Print exactly the lines that run from the one containing "Kenroy Home Rustic" to the final line of the data, both included, and print none of the pictures.
(Collected material begins)
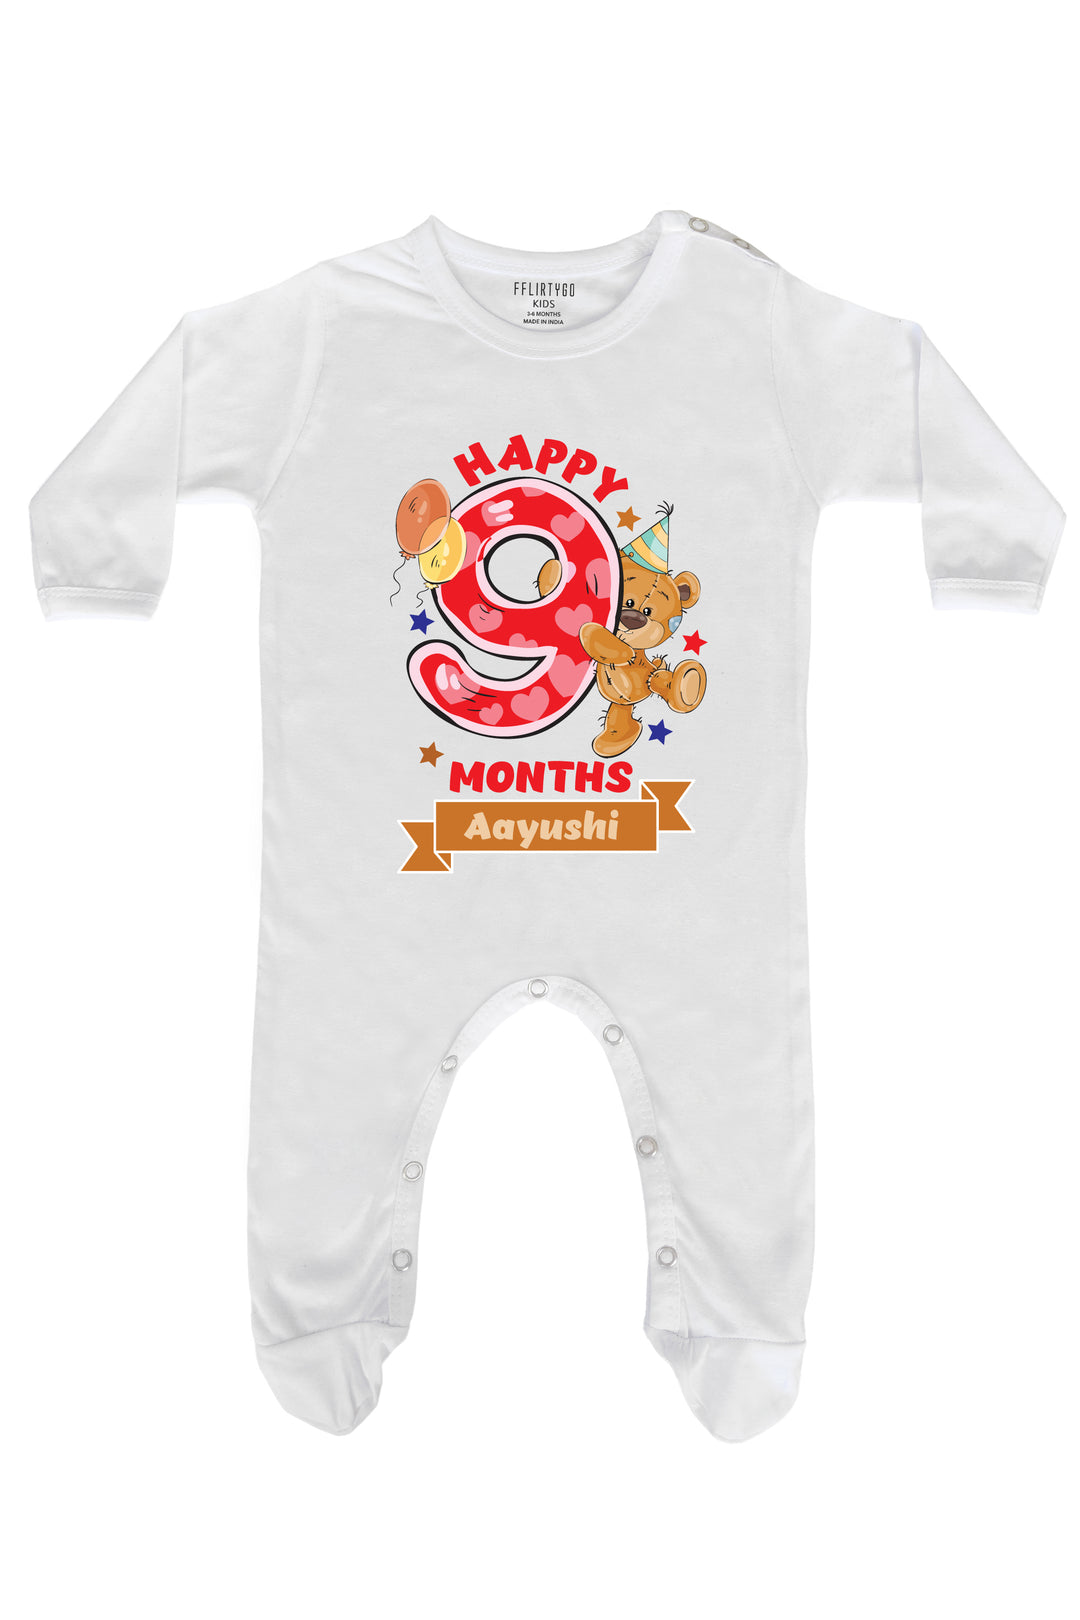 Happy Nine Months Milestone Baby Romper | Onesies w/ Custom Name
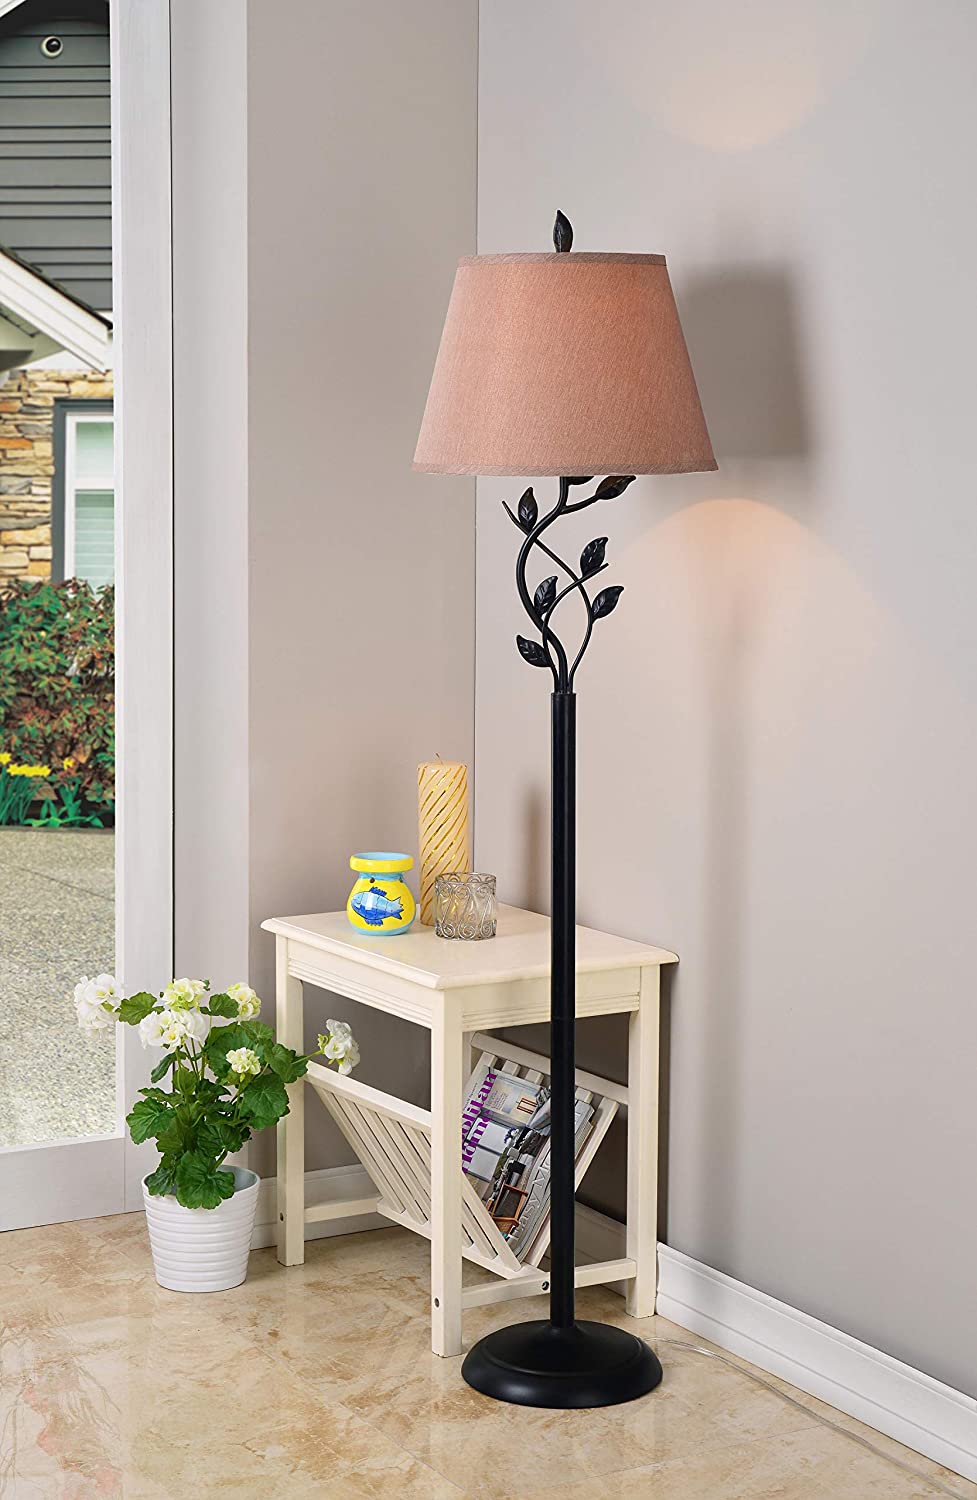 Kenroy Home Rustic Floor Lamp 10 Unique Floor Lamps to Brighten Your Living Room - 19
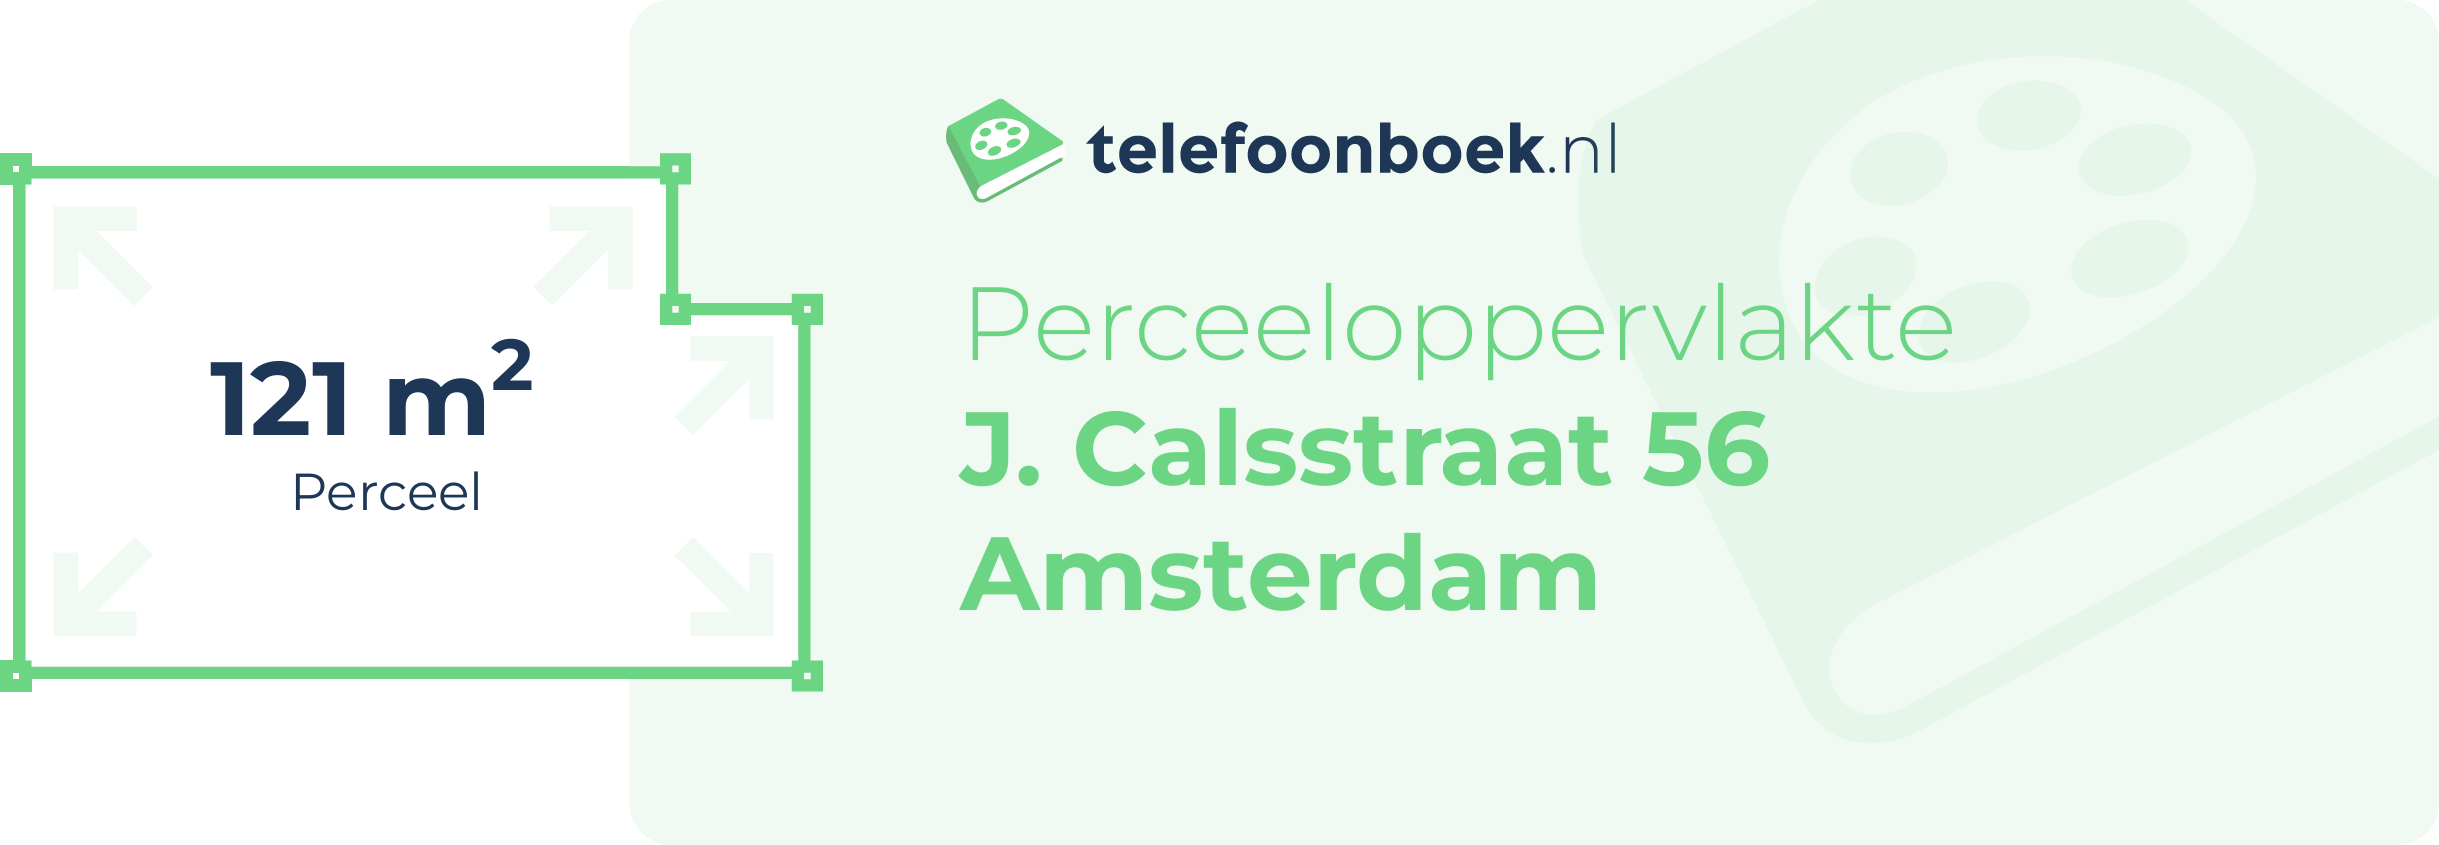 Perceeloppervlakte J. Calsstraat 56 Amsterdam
(Collected material ends)
__Answer area__.
 Kenroy Home Rustic Floor Lamp 10 Unique Floor Lamps to Brighten Your Living Room - 19
 Perceeloppervlakte J. Calsstraat 56 Amsterdam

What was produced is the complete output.